Il y eut un bourdonnement dans la tête de Helga. Les sourcils froncés, elle faisait un effort visible pour se rappeler quelque chose. Comment ça? Mais oui, elle se souvenait fort bien que ce couteau-là, elle le lui avait emprunté pour faire des bûchettes la veille de son départ. Elle l'avait cassé en s'en servant, mais elle n'avait jamais eu l'occasion de le lui dire.

Il l'avait évitée et n'avait pas voulu engager de conversation avec elle à ce moment-là. Et depuis il avait dû garder le couteau dans sa poche sans s'apercevoir qu'il était cassé.

Elle leva la tête et voulut lui raconter tout cela, mais comme déjà il abordait le récit de sa visite à Elvokra, au milieu des préparatifs de la noce, elle préféra le laisser achever. Ayant appris de quelle manière il s'était séparé de Hildur, elle trouva que c'était là un malheur si terrible qu'elle se mit à le combler de reproches.

—C'est ta propre faute, dit-elle. Voilà que toi et ton père venez l'effrayer à mort avec cette nouvelle épouvantable. Elle n'aurait pas fait une telle réponse, si elle n'avait pas été hors d'elle. Crois-moi, elle doit le regretter dès maintenant.

—Qu'elle ait le regret qu'elle voudra, dit Gudmund. Je sais maintenant qu'elle est de celles qui ne pensent qu'à elles-mêmes. Je suis heureux d'en être quitte.

Helga pinça les lèvres comme pour empêcher le grand secret de lui échapper. Tout cela lui donnait beaucoup à réfléchir. Il ne s'agissait pas seulement de laver Gudmund de cette accusation de meurtre. Il s'en était suivi une brouille entre lui et sa fiancée. Est-ce qu'elle ne pourrait pas, elle, aplanir ce conflit à l'aide de ce qu'elle savait?

De nouveau elle garda le silence pour réfléchir. Gudmund se mit à lui parler de son amour pour elle. Mais cela lui parut le plus grand des malheurs qui s'étaient acharnés sur lui ce jour-là.
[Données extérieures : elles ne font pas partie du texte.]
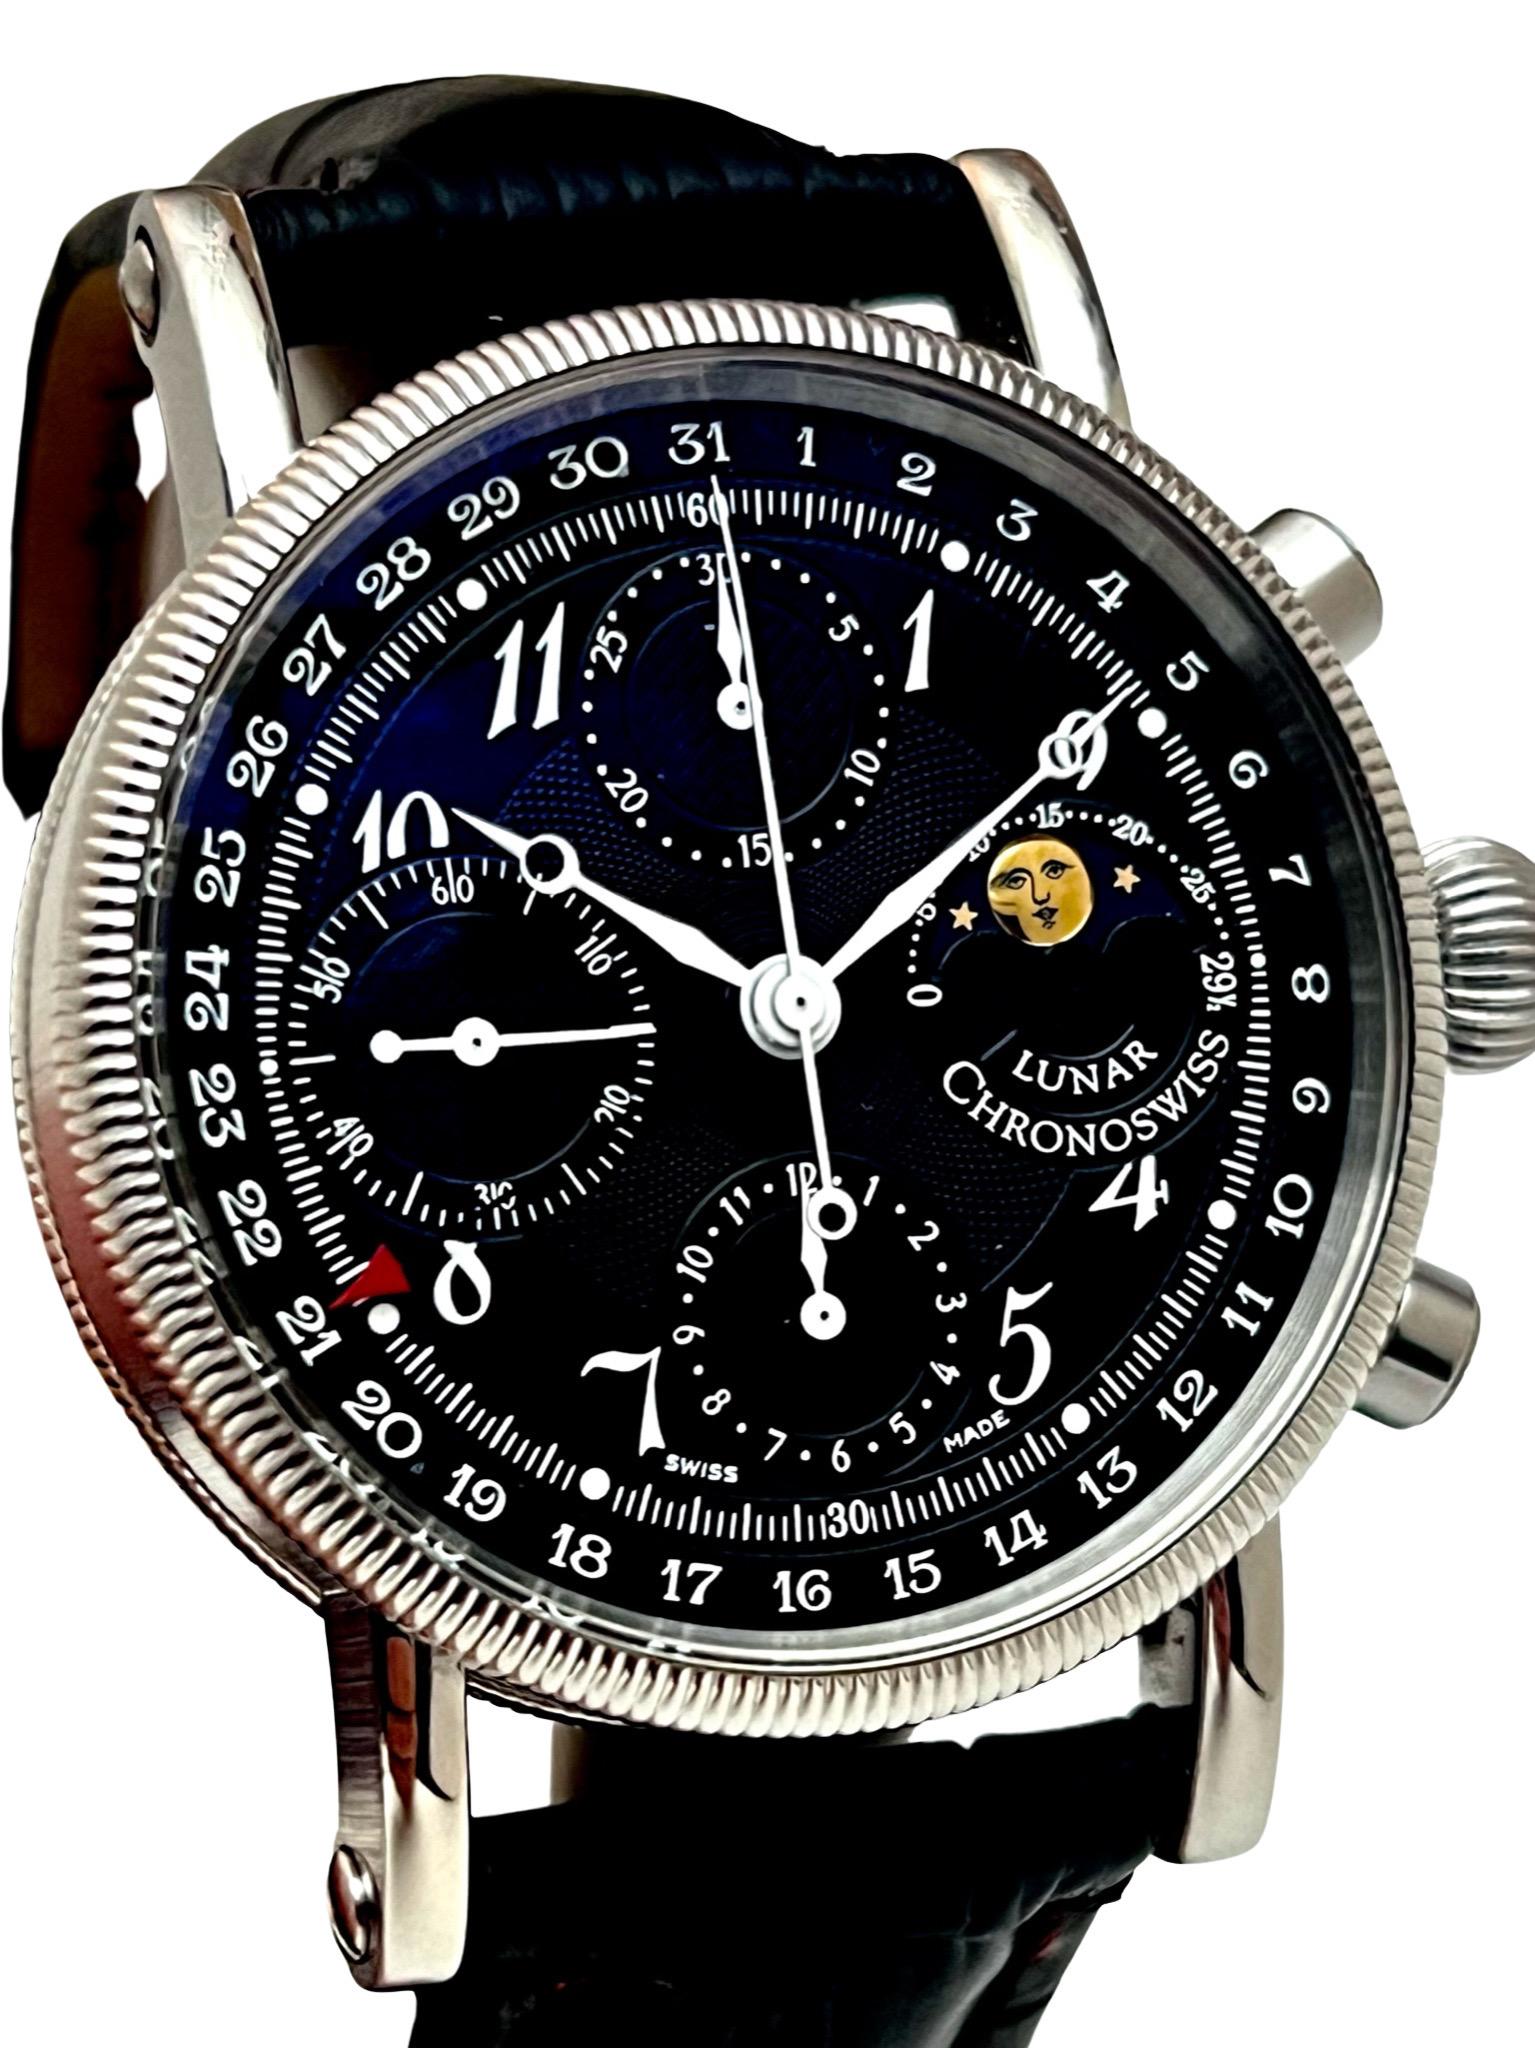 Vintage Chronoswiss Lunar Chronograph In Good Condition For Sale In London, GB

C'était déjà mal qu'il fût sur le point de manquer un mariage avantageux, ce serait bien pis, s'il s'avisait de vouloir épouser une fille telle que Helga.
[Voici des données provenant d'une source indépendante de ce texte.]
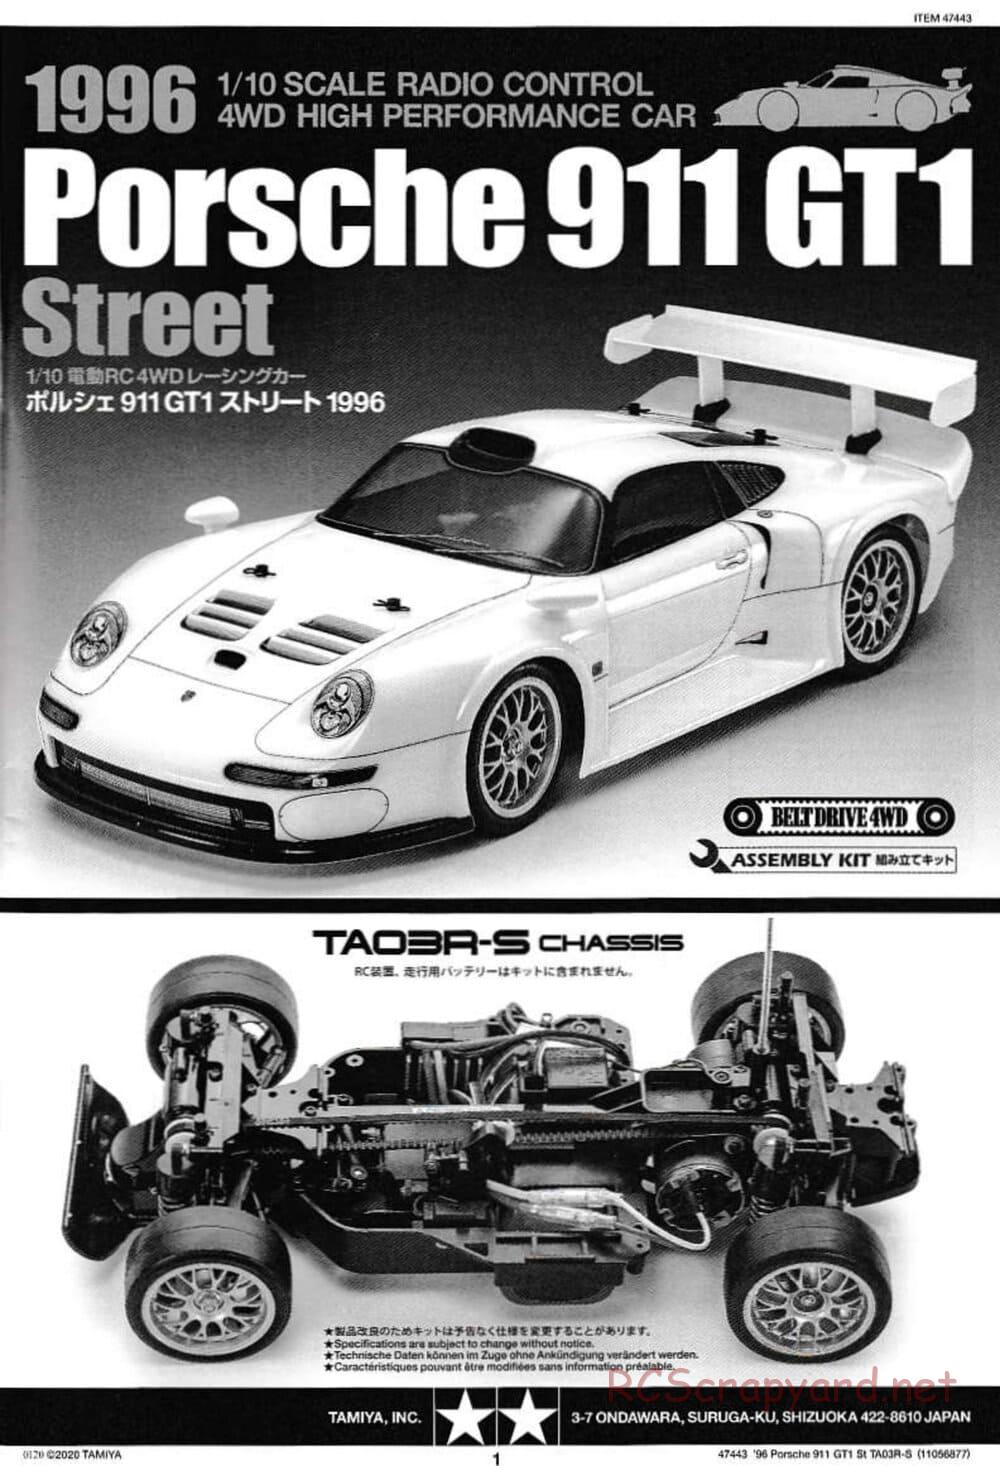 Tamiya - Porsche 911 GT1 Street - TA-03RS Chassis - Manual - Page 1

—Oh! non, il ne faut pas venir me raconter de telles sottises, dit-elle, se levant brusquement.

—Pourquoi ne te dirais-je pas cela? dit Gudmund en pâlissant. C'est peut-être la même chose pour toi que pour Hildur: tu as peur de moi?
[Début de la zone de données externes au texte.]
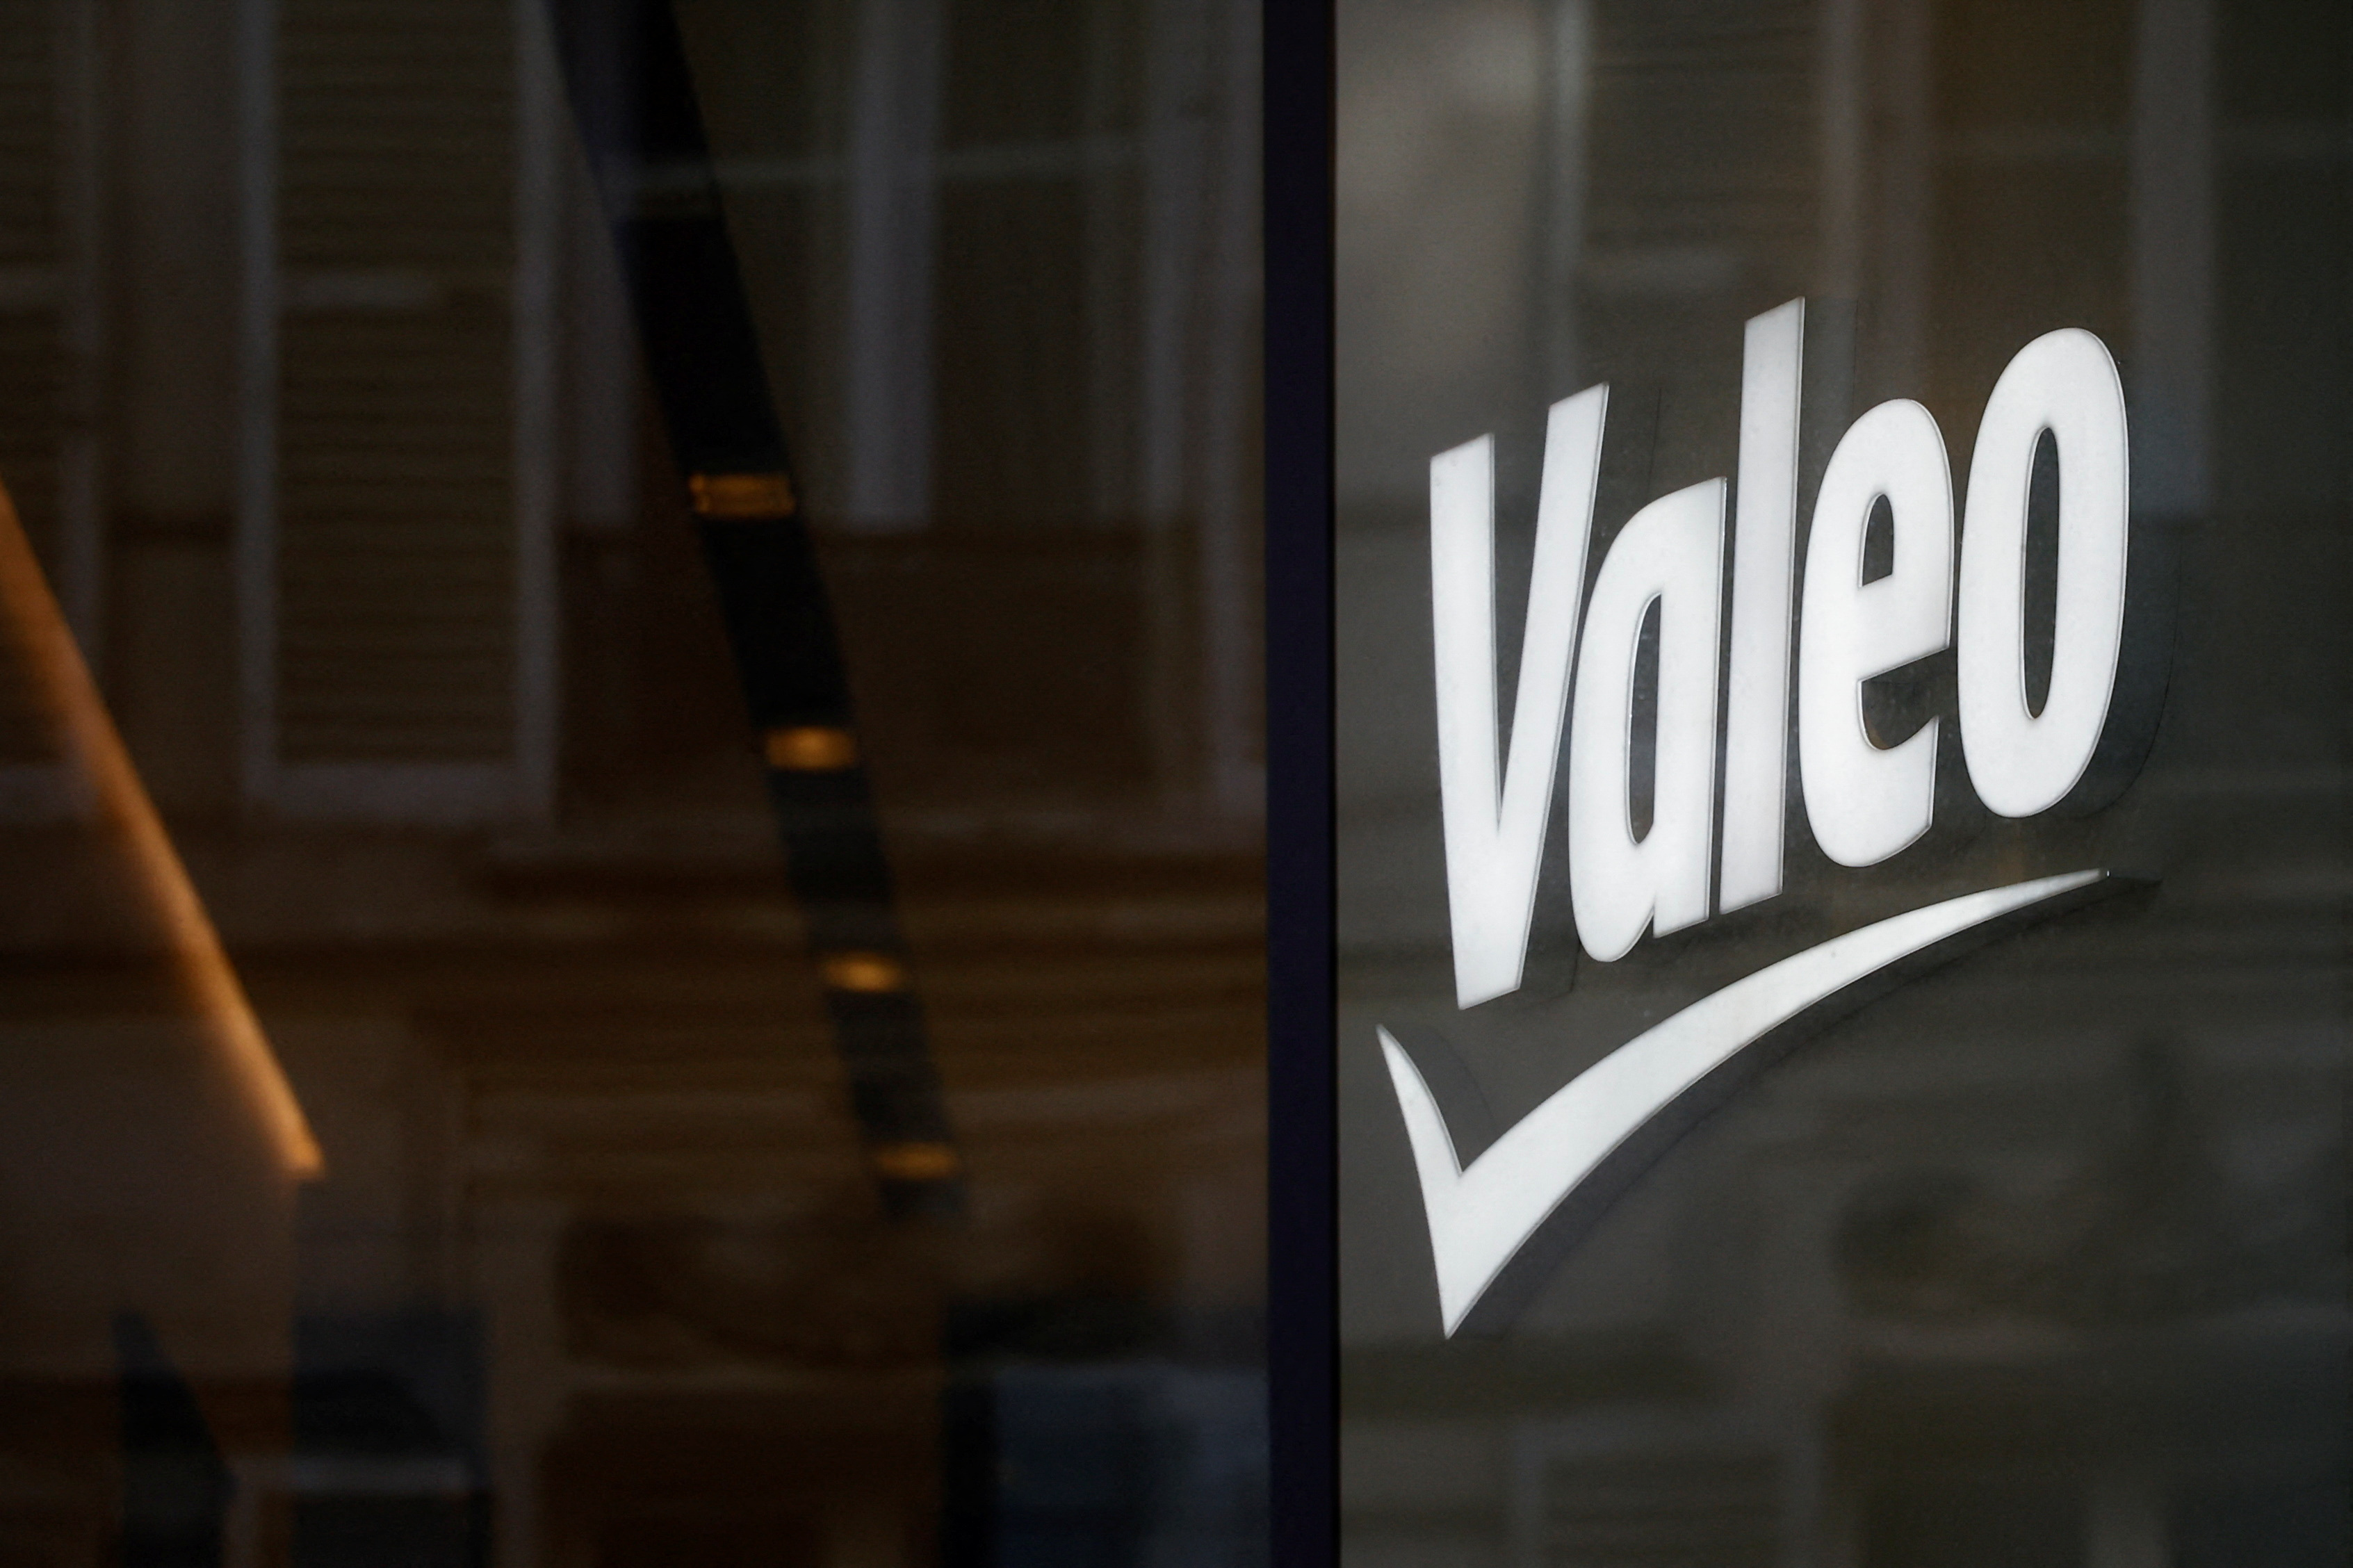 France's Valeo third-quarter sales rise driven by key regions, businesses

—Oh non, ce n'est pas cela.

Elle voulait lui expliquer qu'il préparait ainsi sa propre perte, mais il ne l'écoutait pas.

—J'ai entendu dire qu'autrefois il y eut des femmes qui portèrent aide aux hommes, au moment du malheur, mais cela ne doit plus se faire aujourd'hui.

Helga eut un tressaillement. Elle eût voulu jeter ses bras autour du cou de Gudmund, mais elle ne bougea pas. Aujourd'hui c'était son devoir de rester raisonnable.

—Il est bien vrai que je n'aurais pas dû te demander de devenir ma femme le jour même, où je dois aller en prison, mais vois-tu, si je savais que tu veuilles attendre ma libération, je supporterais toutes ces horreurs d'un cœur léger.

—Ce n'est pas à moi de t'attendre, Gudmund.

—Tout le monde va dès maintenant me considérer comme un malfaiteur, un individu qui boit et qui assassine. Mais s'il y avait une seule personne pour me regarder avec amour! C'est cela qui me soutiendrait plus que toute autre chose.

—Tu sais que je ne penserai jamais que du bien de toi, Gudmund.

Helga se faisait très douce. Les prières de Gudmund étaient bien près d'avoir raison d'elle. Elle ne savait plus comment lui échapper, mais Gudmund n'en comprit rien, bien au contraire, il commença à croire qu'il s'était trompé. Elle ne devait pas avoir pour lui les mêmes sentiments qu'il avait pour elle. Il s'approcha près d'elle et la regarda comme s'il eût voulu voir le fond de son âme.

—N'as-tu pas choisi cette roche, exprès pour pouvoir voir Närlunda?

—Oui, c'est cela.

—Est-ce que tu n'y penses pas, jour et nuit?

—Si, mais je ne regrette personne en particulier.

—Et moi, je te suis donc complètement indifférent?

—Oh non, mais je ne veux pas me marier avec toi.

—Qui est-ce donc que tu aimes?

Helga ne répondit pas.

—Est-ce Per Mortensson?

—Oui, j'ai bien dit que je l'aime, n'est-ce pas? dit-elle à bout de forces.

Gudmund resta quelques moments à lui faire des yeux farouches:

—Eh bien, il faut donc nous quitter. Dorénavant nos chemins ne vont plus se rencontrer.

Et, sur ces mots, il se mit à descendre rapidement, de gradin en gradin, et bientôt il disparut sous les arbres.